The rsubgroup package: Algorithms for subgroup discovery and analytics for the R environment!
The rsubgroup package provides a collection of efficient and effective algorithms and tools for subgroup analytics. It features subgroup discovery, community mining, and subsequent analysis for the free R environment.
The package integrates an interface to the org.vikamine.kernel library of the VIKAMINE system (http://www.vikamine.org) - implementing subgroup discovery and pattern mining algorithms in Java, for example, the SD-Map*, SD-Map and the BSD algorithms.
Download and install from CRAN:
Get the latest stable rsubgroup package on CRAN
Development:
Installation of the current development package:
- Download the package.
- Open a shell and go to the download directory.
- Execute "R CMD INSTALL <rsubgroup-package>"
- On Windows, you might need to execute a "SET JAVA_HOME=" before installing the package.

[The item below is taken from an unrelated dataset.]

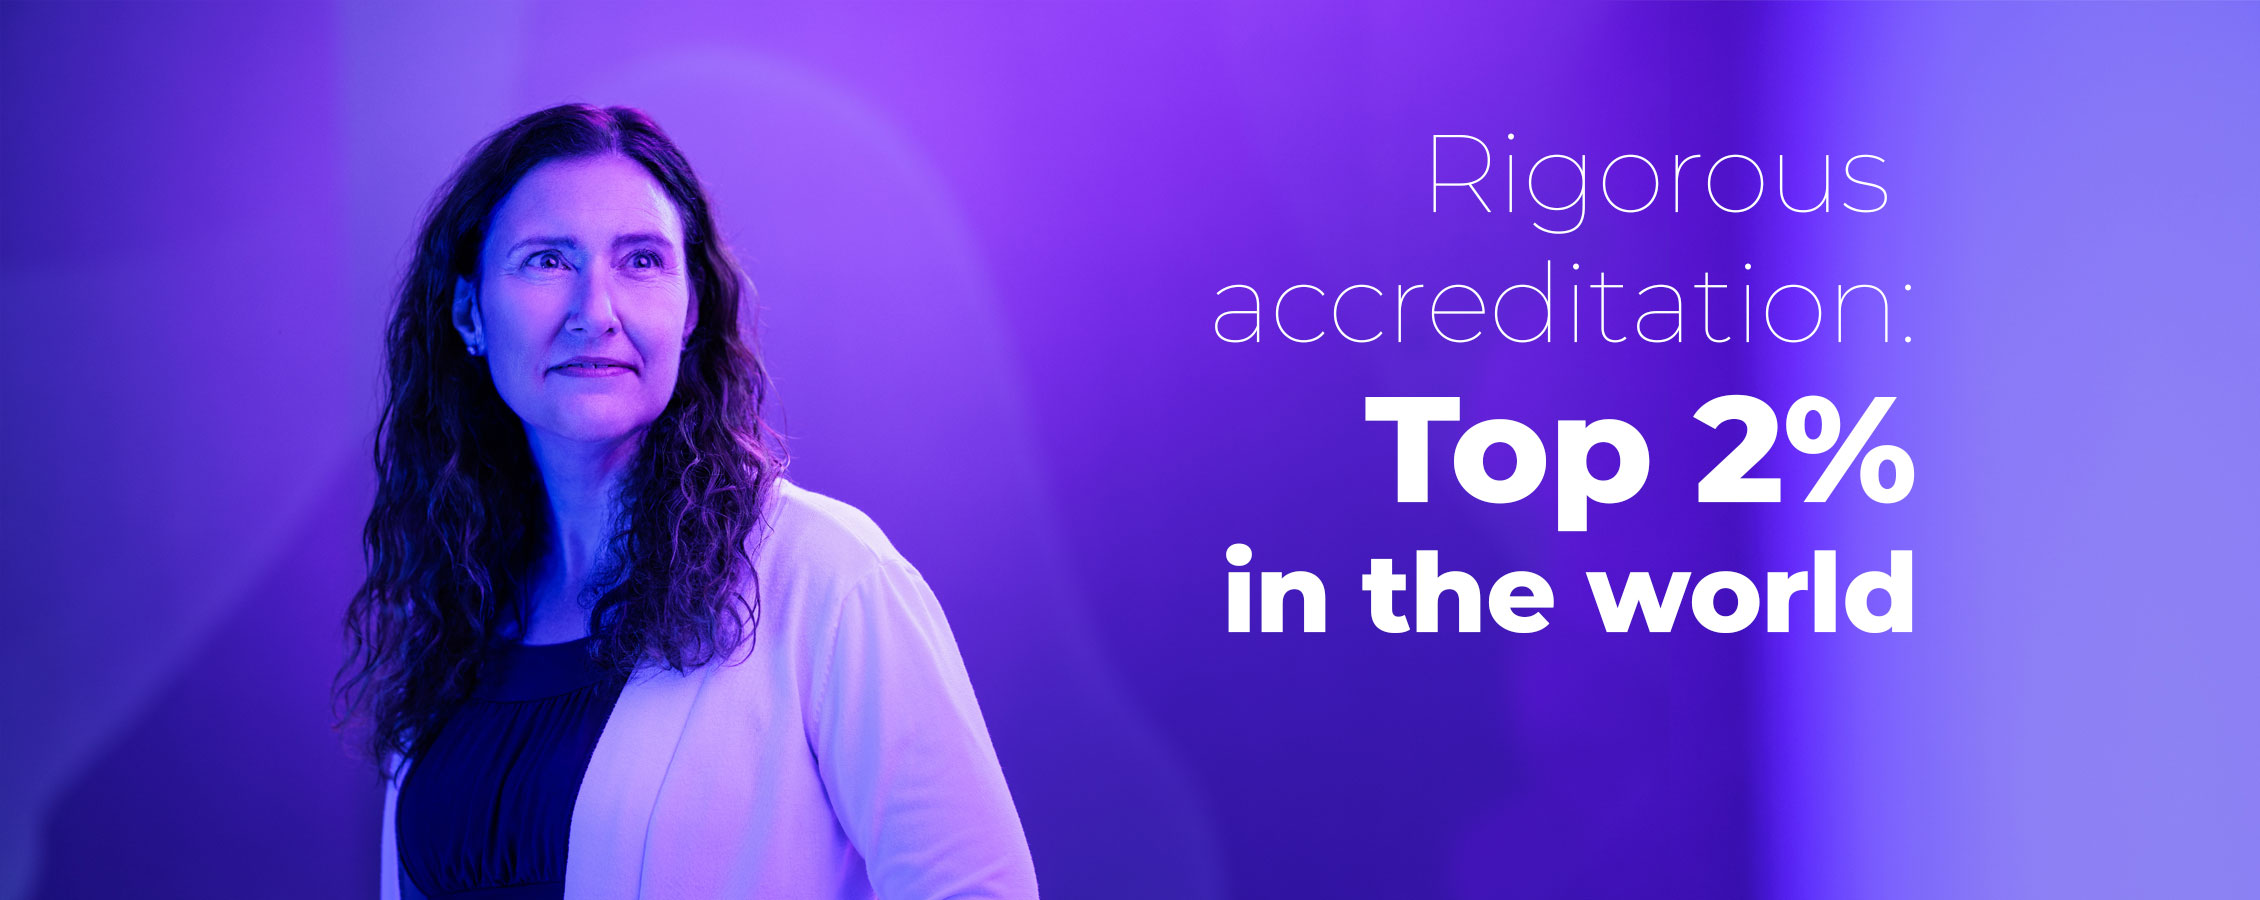 Rigorous accreditation: Top 2% in the world

- Also on Windows, a "R CMD INSTALL <rsubgroup-package> --no-multiarch" might be necessary to install the package if you encounter problems with locating the jvm.dll.
Usage hints:
- Check the subgroup discovery examples contained in the documentation.
- .jinit(parameters="-Xmx2048m") allows you to provide extra memory (e.g., 2GB) to the JVM
Important: Please note that this needs to happen before rJava is used in any way.
After the JVM has been initialized (and started), setting the heap space has no effect
any more.
Therefore, it is recommended to execute the .jinit(...) command right
after loading the rJava package.
Example:
library(rJava)
.jinit(parameters="-Xmx2048M") # for two gigabytes heap space, for example
library(rsubgroup)
- In CreateSDTask(source, ...), source can be a data frame or a filename. Providing a file name directly provides the data to the subgroup discovery algorithms on the Java side, which is more memory efficient than converting the data frame to the Java representation.
References and related publications:
[1] Martin Atzmueller (2015) Subgroup Discovery. WIREs Data Mining Knowl Discov, 5:35-49.
[2] Martin Atzmueller and Florian Lemmerich (2012) VIKAMINE - Open-Source Subgroup Discovery, Pattern Mining, and Analytics.
In: Proc. ECML/PKDD, Springer Verlag.
[3] Martin Atzmueller (2007) Knowledge-Intensive Subgroup Mining -- Techniques for Automatic and Interactive Discovery.
Dissertations in Artificial Intelligence-Infix (Diski), (307)IOS Press.
[4] Martin Atzmueller and Frank Puppe (2006) SD-Map - A Fast Algorithm for Exhaustive Subgroup Discovery.
In: Knowledge Discovery in Databases: PKDD 2006, LNCS 4213, pp. 6-17, Springer Verlag.
[5] Martin Atzmueller, Frank Puppe and Hans-Peter Buscher (2005) Exploiting Background Knowledge for Knowledge-Intensive Subgroup Discovery.
In: Proc. 19th International Joint Conference on Artificial Intelligence (IJCAI-05), 647--652, Edinburgh, Scotland.
Last updated: 2021-02-05 by Martin Atzmueller.